There’s an discussion going on over at CultureCat, where Clancy has responded to Ayelet Waldman’s essay that both Lauren and I quoted from. I’d be participating if I weren’t up against a deadline.

Clancy’s done far more work with pro-choice and feminist rhetoric than I have, and she makes a solid point in saying that using real body terms such as "kill" and "child" reinforce the pro-life stance. (And she's also right in pointing out that the pro-life movement desperately needs a Lakoff.)

How rhetorically effective is it to say, "yes, it's killing (in some cases), but I should have the legal right to do it because I'm acting on my values and my personal truth"? I can already hear chilling, flippant responses from some who lack sympathy for the position, along the lines of the "who among the unwanted will be the next to be declared disposable" line of thinking Kissling cites, only far less sincere: "So I can kill gays and lesbians because to do so is to act on my values? Yay!" And exactly how will such a shades-of-grey pro-choice rhetoric be more "relevant to the contemporary world"?
I won’t argue with that, since it’s exactly what would happen. But my question is: How is that any different from what’s being said now anyway by pro-choice advocates? Has the rhetorical tack that we’ve been taking - removing body language, "terminating" "clusters of cells" - worked? (I’ll leave the issue of honoring women’s truths out of this, because the main pragmatic concern here is keeping abortion legal.) I’m not sure. Abortion is legal now, but more people are dying every day to keep it that way and our rights are steadily being eroded.

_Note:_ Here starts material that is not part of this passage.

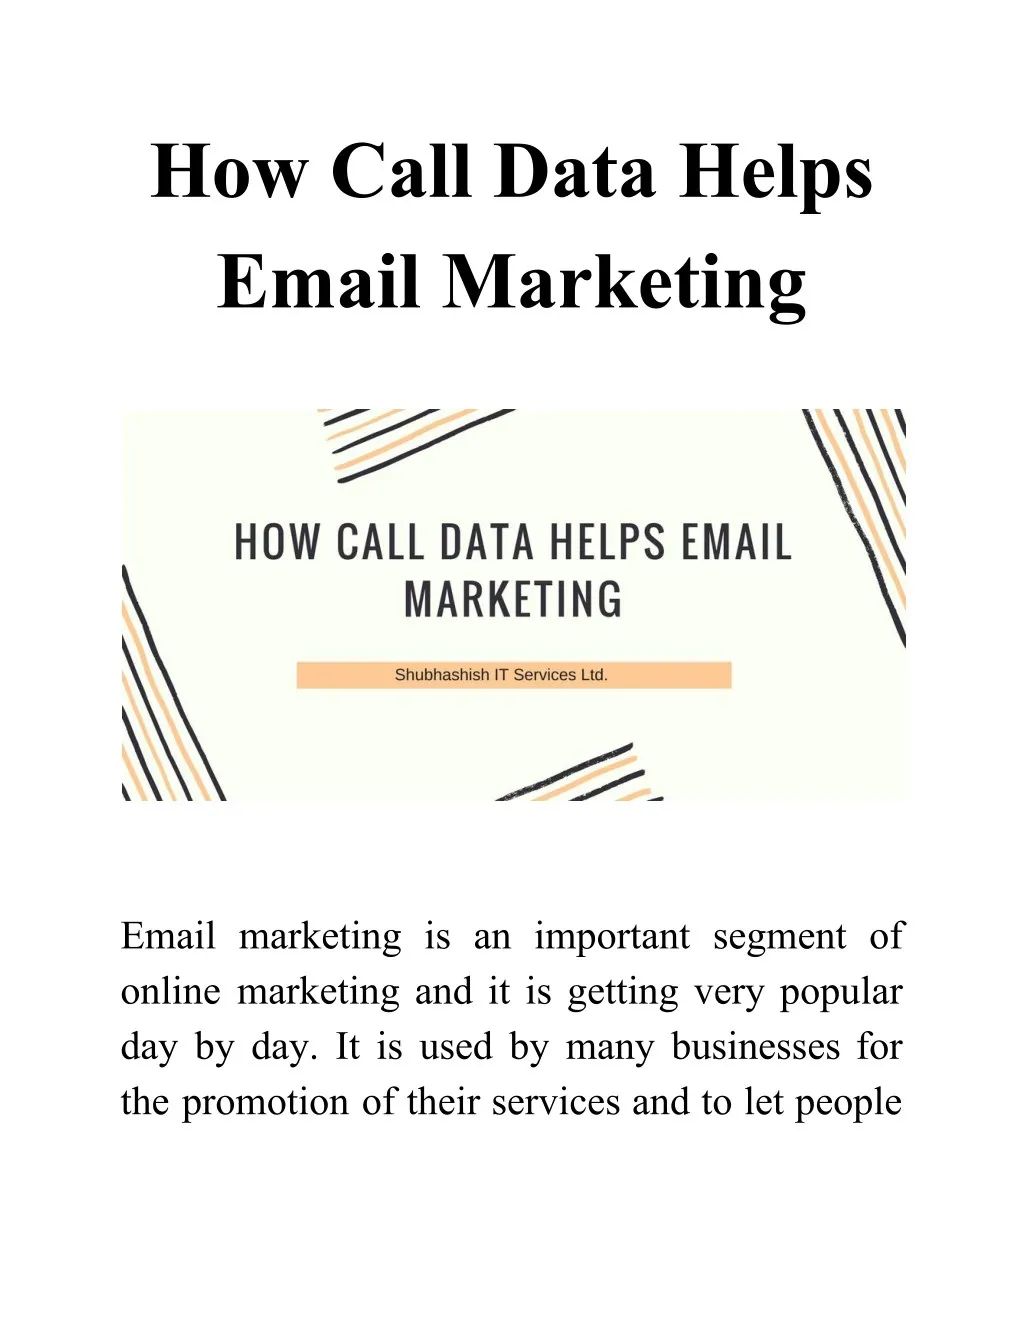 how call data helps email marketing

Pro-choice rhetoric suffers from the same problem copyfight rhetoric does: polarization. In each area, two diametrically opposed camps develop symbiotic opposition, feeding off of each other's discourse and further distancing everyone involved. There is no middle ground in the arena, and that leaves no room for resolution. It also situates the participants in a smackdown environment where somebody eventually has to lose.
Ayelet’s essay occupies that rare middle ground, placing abortion within the context of real, living, feeling, bleeding bodies. It calls it what it is, and explains why it is absolutely, irrevocably, a necessary right. The Clinton administration made steps toward this same stance with its abortion and education legislation, by embracing the "Safe, Legal, and Rare" rhetoric. Abortion rates dropped. Now that we’re back to a more polarized debate, rates and tensions are higher again.
Middle ground is a somewhat utopian hope, since extreme advocates of either side will never come around. I also think it’s an achievable hope for a moderate majority. How we get there ... that, I don’t know.